В плену — страница 8 из 64

- Доктора, доктора, доктора...

Позади меня, кто именно, не вижу, воет низким надсадным голосом. Далее в этом хаосе звуков не различаю источников.

Вероятно, уже около полуночи появляется высокий худощавый врач в сопровождении двух помощников с фонарями. Санитары встают и вытягиваются. Усталым, но твердым голосом, не знаю, на каком языке, но понимаемом всеми, произносит:

- Я немецкий доктор. Кому я нужен сейчас?

Подходит к одному, другому, третьему, и везде со своими помощниками быстро и деловито оказывает помощь. Солдату с отрубленной ногой накладывает жгут. Ване Петрушкову делает укол, и пока фельдшера обтирают ему лицо, шутит с ним, хлопая по плечу. Ваня, с бульканьем во рту, что-то пытается ответить, а потом успокаивается и ложится. Успокаивает и тяжело раненного позади меня.

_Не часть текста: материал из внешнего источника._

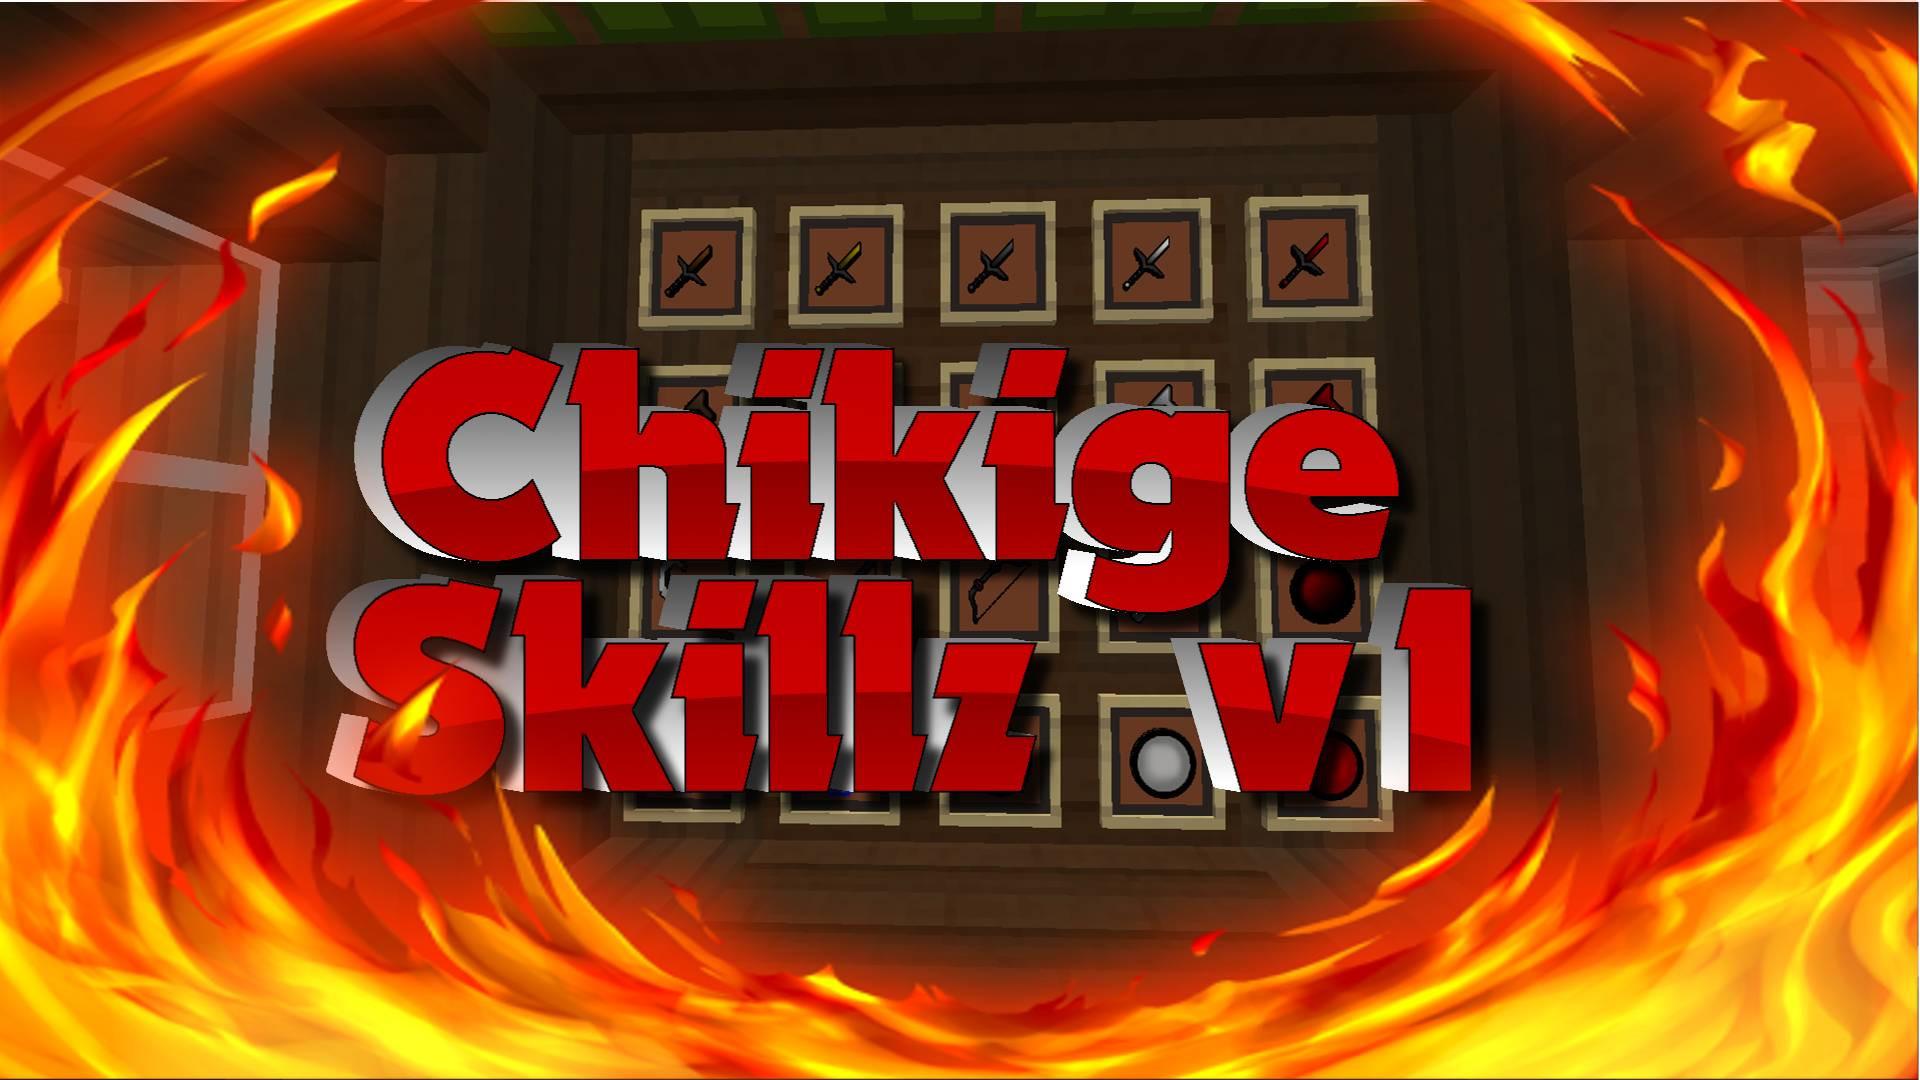 ChikigeSkillzv1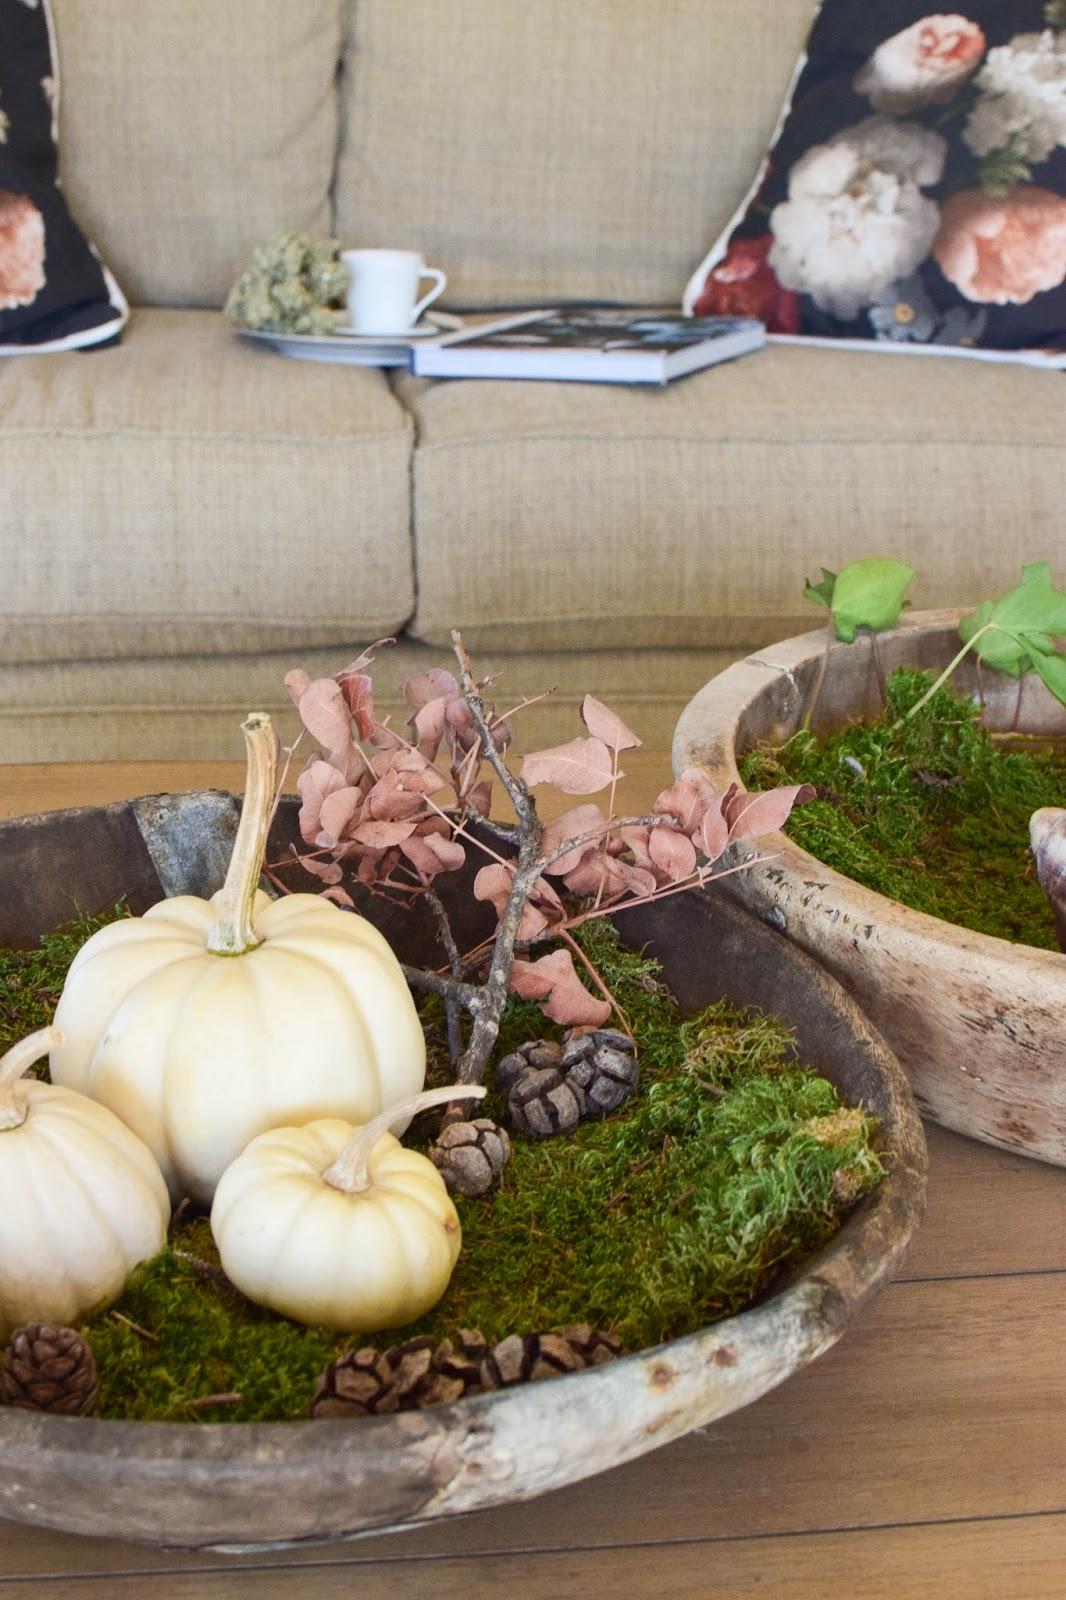 Dekoideen mit Kürbis für den Herbst. Kürbisse natürlich dekorieren. Tischdeko, Tisch dekorieren Herbstdeko, herbstliche Deko, Wohnzimmerdekko

И сразу наступает тишина. Всем стонущим он не помог, да и не был в состоянии это сделать. Просто сам факт появления этого усталого врача прекратил панику, заставил каждого взять себя в руки и вселил уверенность, что о нем позаботятся. Как бы всех нас погладил по головке и сказал: "Ну не плачьте, заживет".

Ночью Жилин умер. Утром он был совсем холодный. Наверное, спасти его было невозможно, уже в машине он был очень плох. А здесь, с тех пор, как его положили, не шевелился и не говорил. Кроме Жилина, санитары выносят еще несколько умерших за ночь. Наступило утро, а с ним пришли и обычные утренние заботы. Сейчас все спокойно. Никто не стонет и не кричит. Прошла ночь, а с ней ушли и ночные страхи. Положение уже не представляется отчаянным. Наоборот, начинается общее оживление, достигающее апогея при известии, что несут завтрак. Санитары вносят дымящиеся ведра и деревянный щит с кусками хлеба. Каждому дается по черпаку густой пшеничной каши с жиром и по куску серого хлеба. Все подставляют котелки, а у некоторых, вроде меня, котелков нет. Мне всегда посуду подавали, а затем ее убирали и мыли. Дома это делала жена, а на войне солдаты. Мне бы раньше и в голову не могло придти носить при себе котелок и ложку, затолкнутую в сапог или под обмотку. Сейчас санитар дает мне плоскую алюминиевую солдатскую кружку, в которую и накладывает теплую, аппетитную кашу. Но вот беда: в эту кружку каши входит меньше. Мне это первый урок за барство, с которым теперь нужно прощаться. Однако не все поступают, как я. Многие, не соглашаясь с уменьшением порции, отказываются от кружечки, а взамен протягивают пилотку.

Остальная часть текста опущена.